Before the 20th of the month, you go into the system and put your "bid" of which lines you want in what order.  On the 20th when the bid closes, the schedulers start with the most senior pilot at the airline (been there the longest) and give them what they wants.  They move to the next person and give them what they want, as long as it is not what the pilots in front of them already were given. The most senior pilots normally get their top few choices, whereas the most junior get what's left.

A few days later, an automated "swaps" period opens.  You have twenty-four hours to go in and trade things from your schedule with someone from theres.  Many pilots use this to get days off they to avoid using vacation time, or they pick up trips worth more money.  We have a few pilots that live internationally and come in just for work.  They will use this period to stack their schedule for the first two weeks of the month, and then go home the last few weeks of the month.

A few days after that automated period, a forty-eight hour window opens to request Open Time (OT) trips.  These are trips that are not on anyones schedule that still needs a pilot.  You submit the request and then when the period closes, schedulers go through and award OT in seniority order.  This is additional flying, which some pilots will pick up if they had to drop something off their month to get certain days off- to avoid losing any income that month.

For me, I traditionally work a five days on-three off-four on-two off-repeat.  When I get trips, they are traditionally 3-4 days long.  Our trips are no longer than four days, unless you picked up OT and combined it with flying you are already doing.

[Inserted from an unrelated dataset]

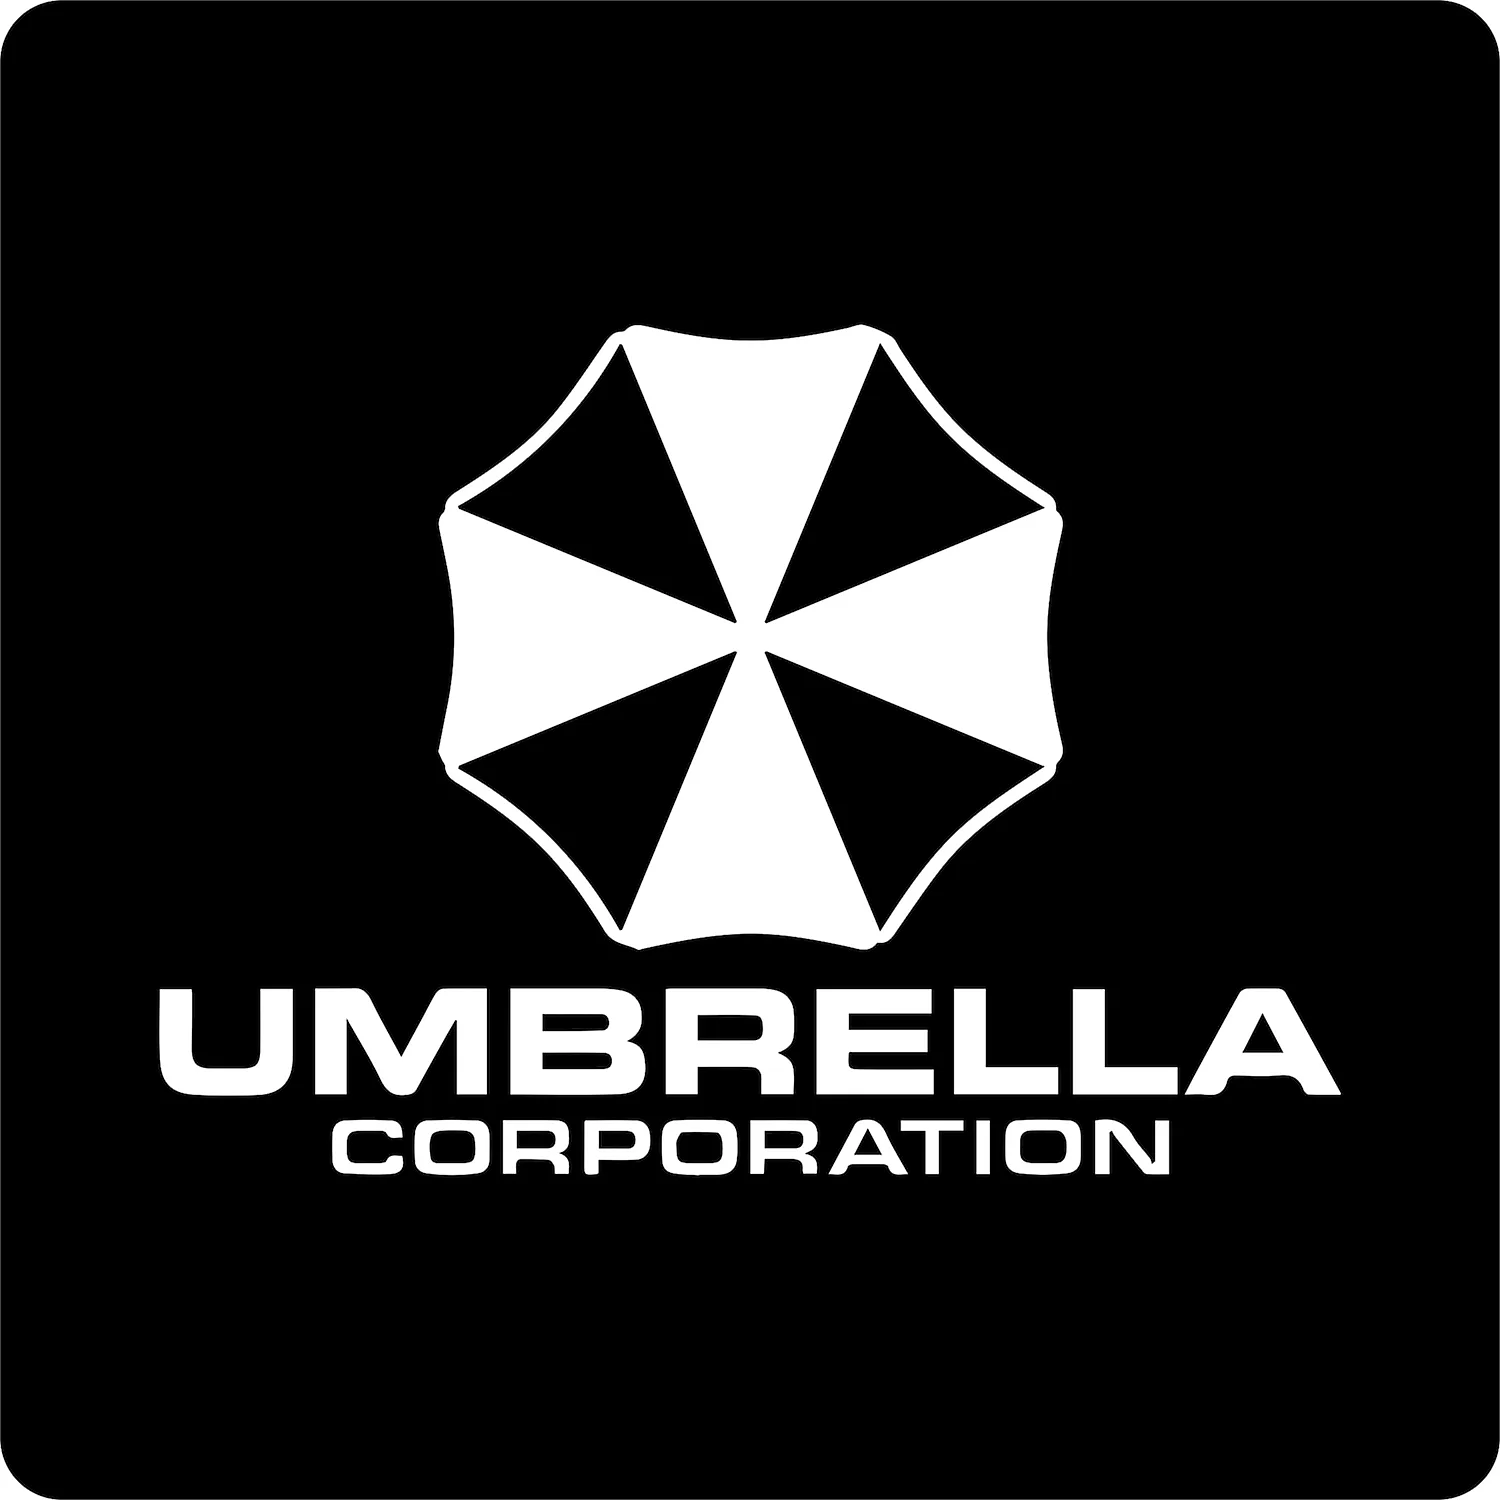 Umbrella Corporation наклейка на авто

The union contract with our airline requires that we have a minimum of eleven days off.  I can go down to as low as eight (legally) by picking up OT, but the company can not take me below eleven without giving me a day off back later in the month or next month. Senior pilots can have upwards of 15-20 days off a month depending on how well they traded trips to build their schedule.

Now, something I should say is this is a regional airline.  When you get to major airlines, especially the wide-body international flying, you will only work 2-4 trips a month.  These trips have you gone 4-7 days, but you have a lot of time back at home.

Pay...

How airline pilots are paid, I like to refer to as "salary adjacent."  Each airline's pilot union negotiates the pay scales and how we get paid.  Therefore, no two airlines pay is alike.  But in general, here is how it works...

Pilots have what is called a "minimum guarantee."  For my airline, one my current schedule, this is 75 hours for the month.  If I fly more than 75 hours, pay gets added to that.  If I fly less, I get paid for 75 unless I am the reason I am getting less flying (meaning I dropped a trip off my schedule or called out sick and don't have sick time to cover).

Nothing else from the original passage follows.